The discography of Russell Watson, a British operatic and pop tenor, consists of fourteen studio albums, six compilation albums, seven singles, and a number of other appearances.

Watson's debut album, The Voice, was released in September 2000. A mixture of operatic arias and covers of pop songs, it topped the UK Classical Chart and eventually reached number five in the UK Albums Chart. Later, when released in the United States, the album took the number one spot and made history as the first time a British artist had held both the US and UK classical number one.
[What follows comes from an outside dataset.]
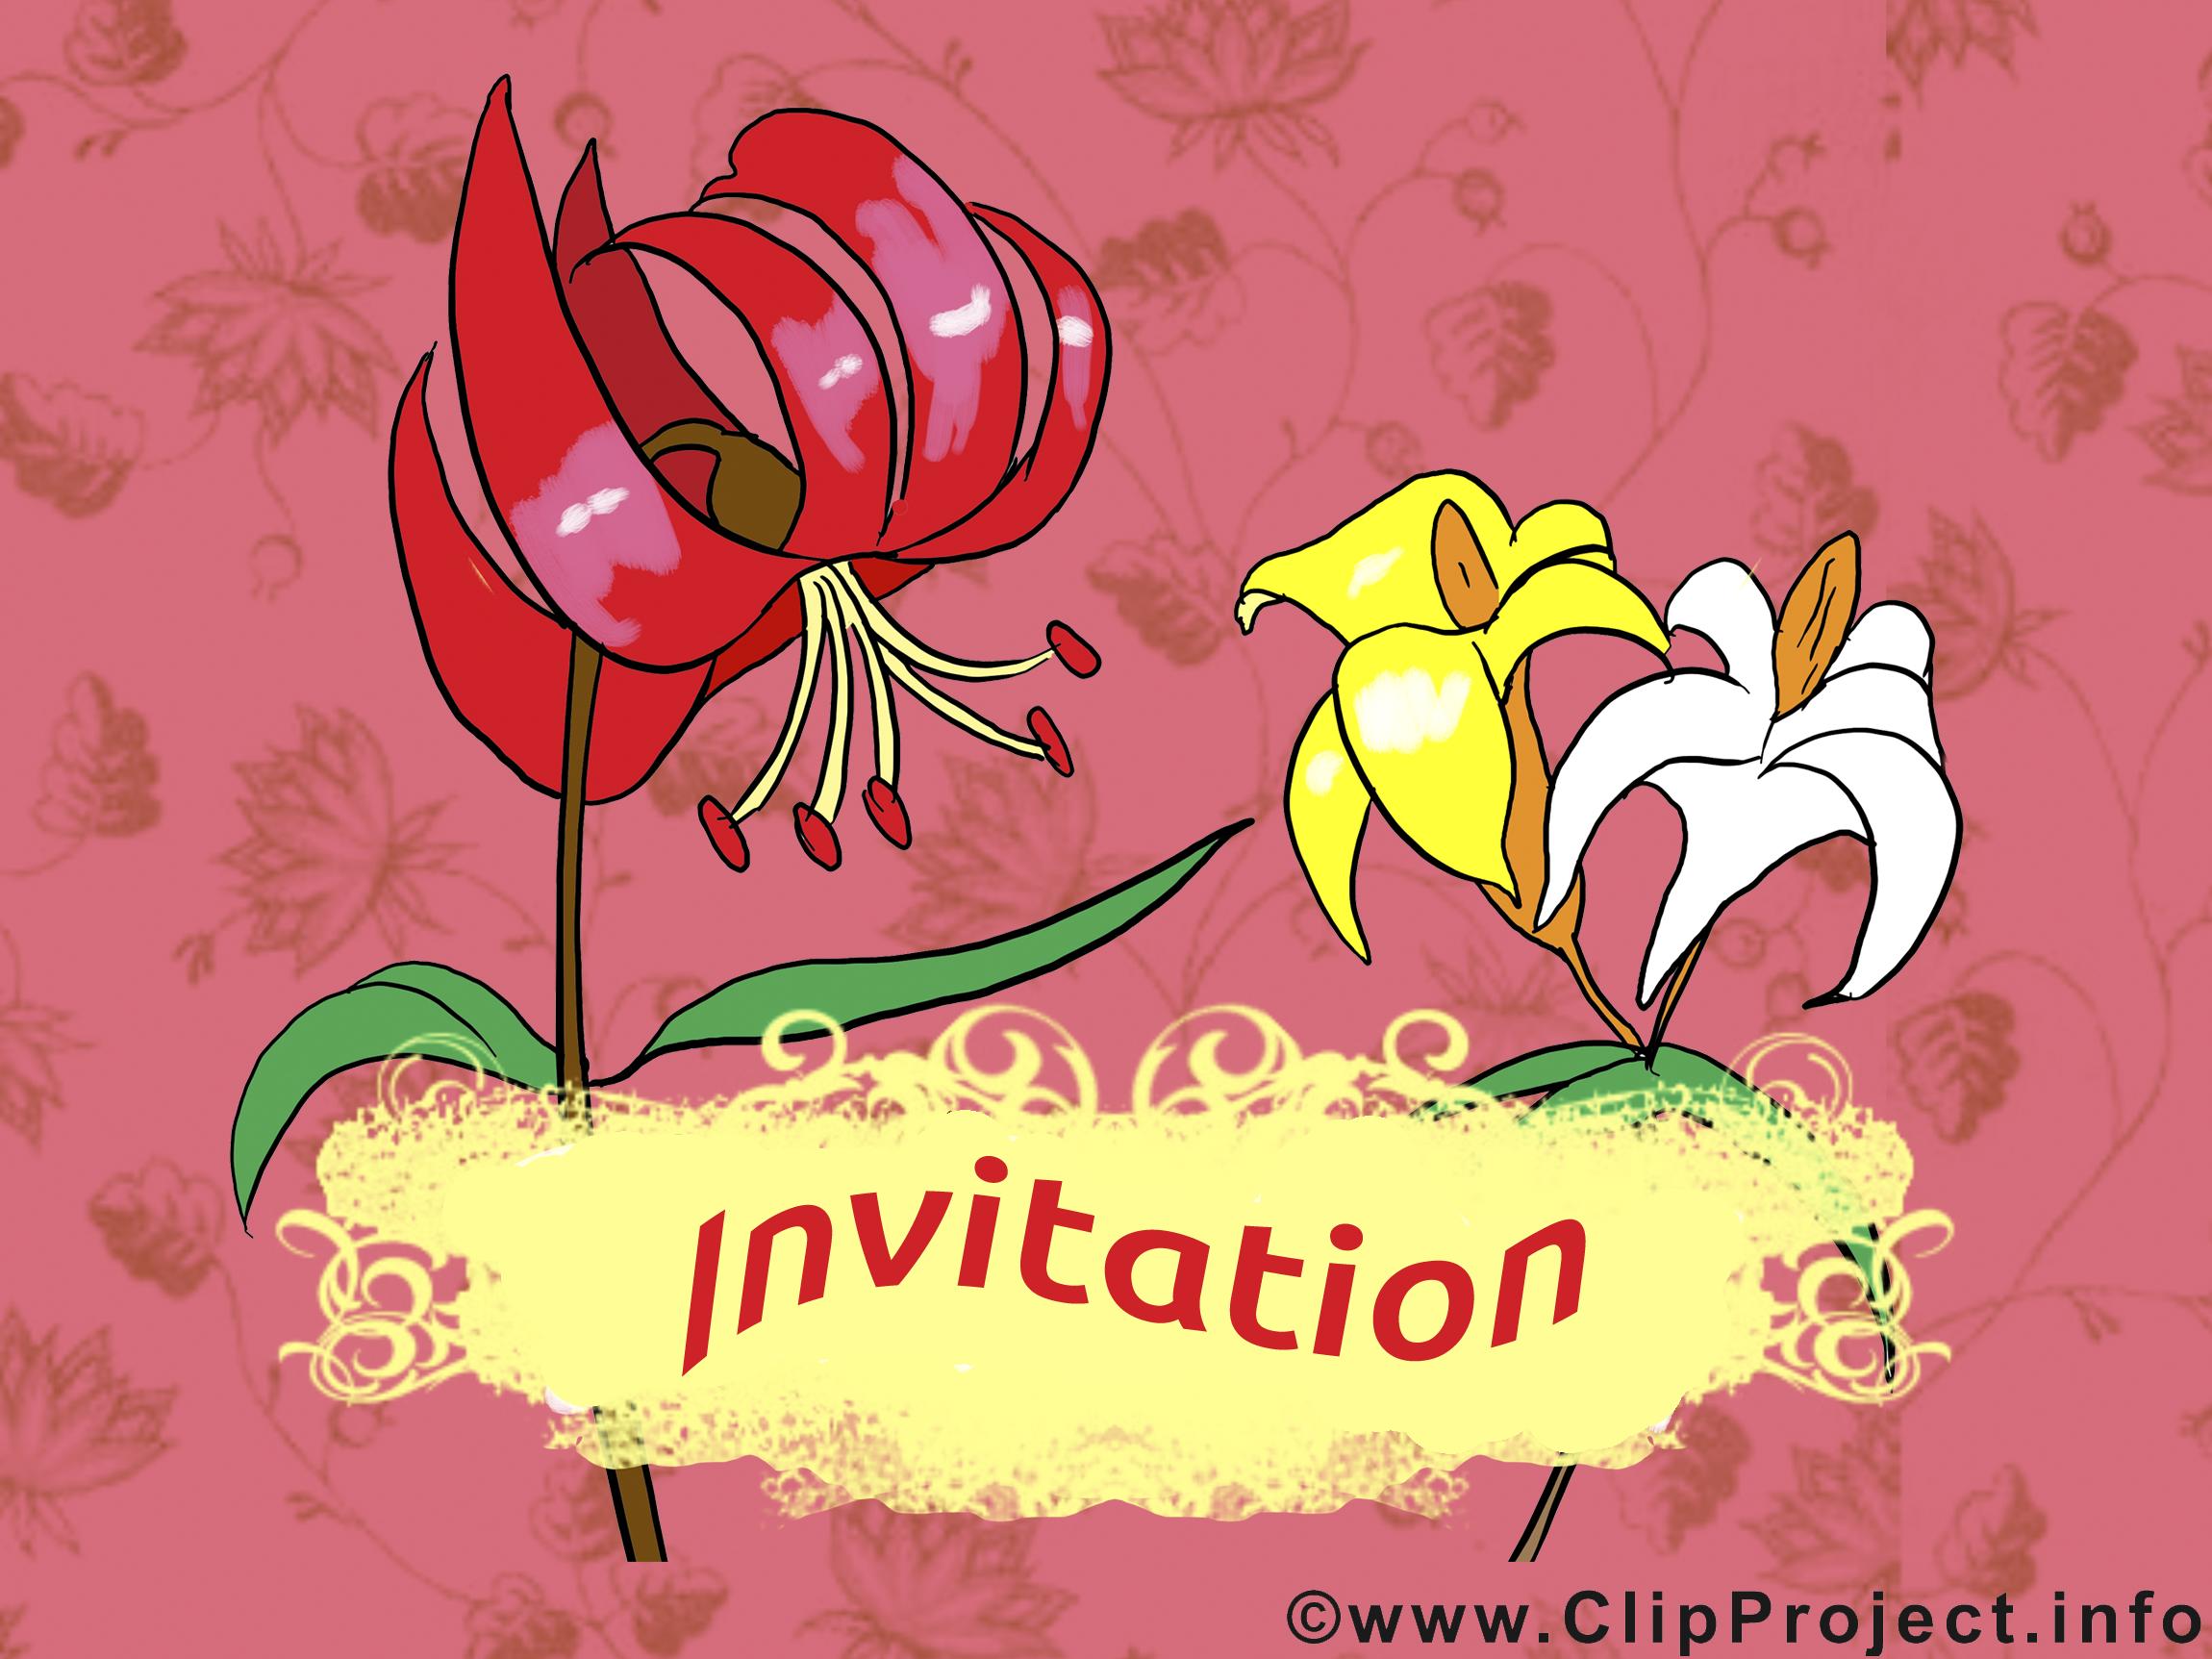 Fleurs clip art gratuit – Invitation images
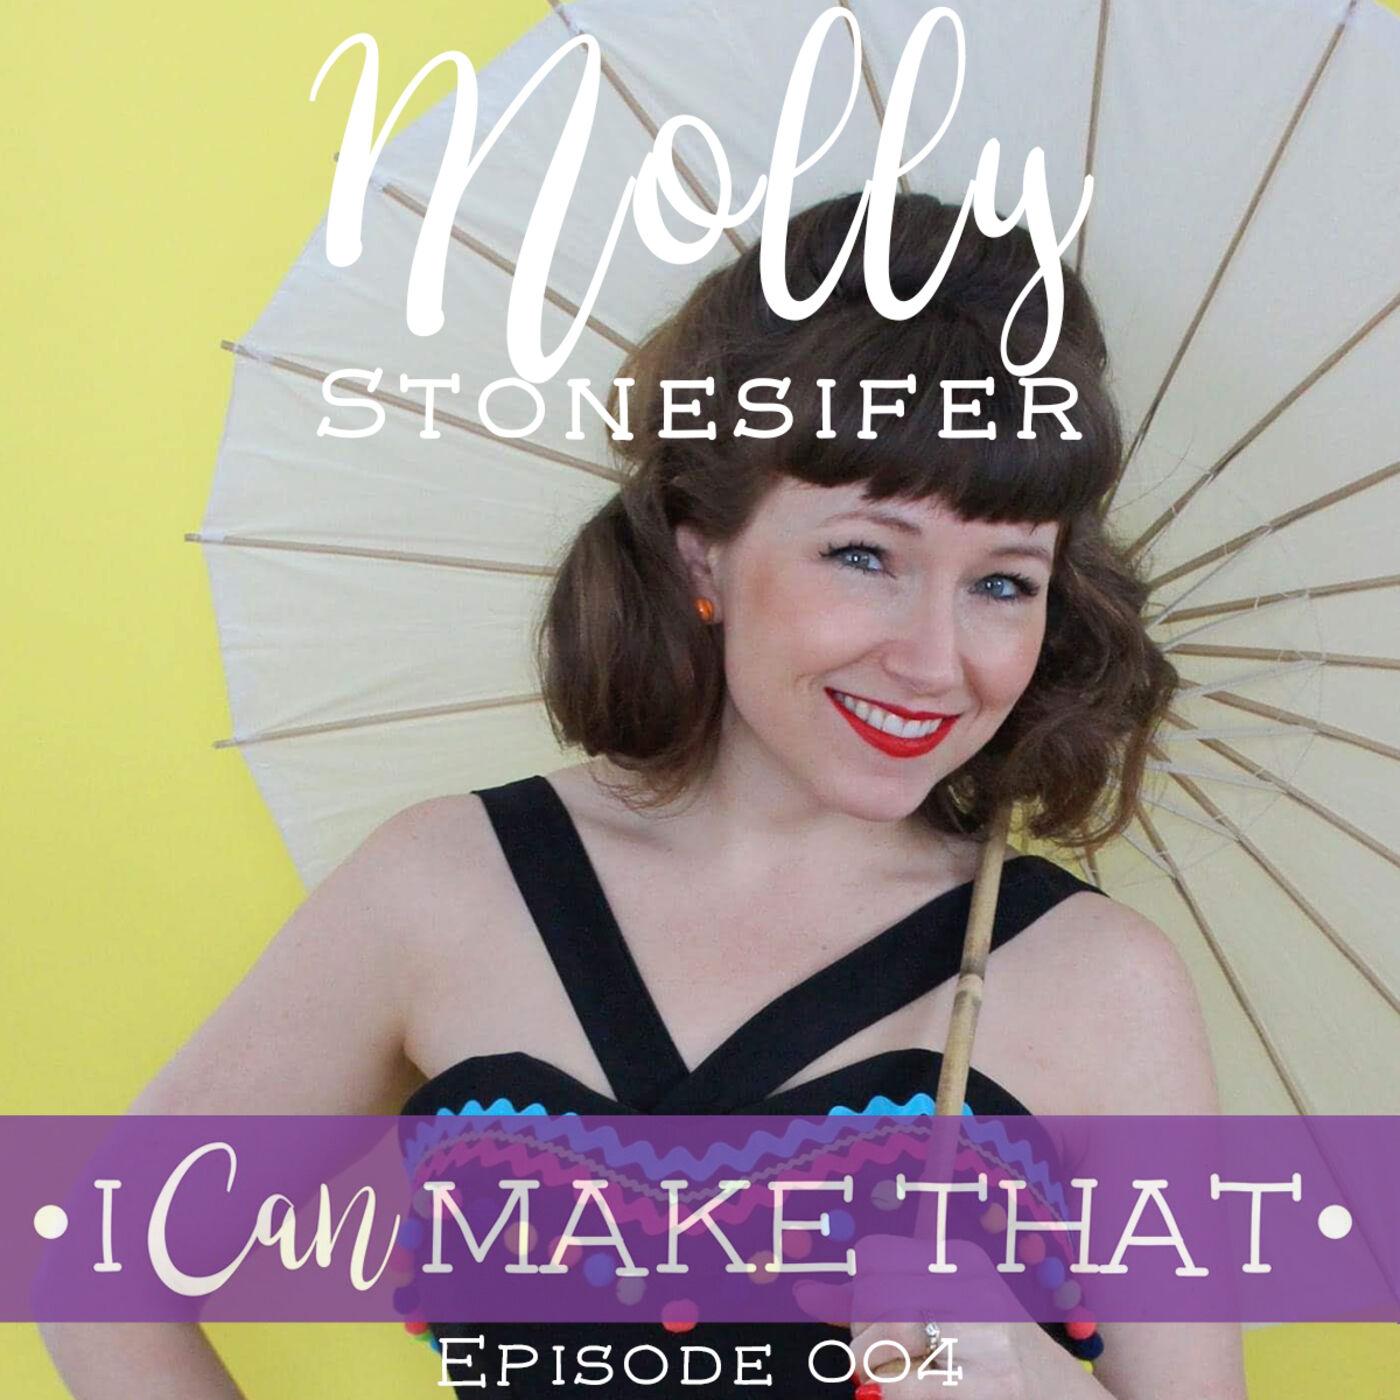 E004: Molly Stonesifer, Middler River Studio

The album contained a collaboration with former Happy Mondays singer Shaun Ryder, who lent his vocals to the Freddie Mercury and Montserrat Caballé song "Barcelona". The album also featured a duet with Cleo of girl group Cleopatra on the song "Someone Like You". Cleo later duetted with Russell again on his third album Reprise on the song "The Best That Love Can Be".

In late 2002, Watson released the single, "Nothing Sacred – A Song for Kirsty", to raise money for the Francis House children's hospice in Didsbury, Manchester. The campaign to raise £5 million was fronted by Kirsty Howard, a seven-year-old girl with a serious heart defect. The song reached number 17 in the UK Singles Chart.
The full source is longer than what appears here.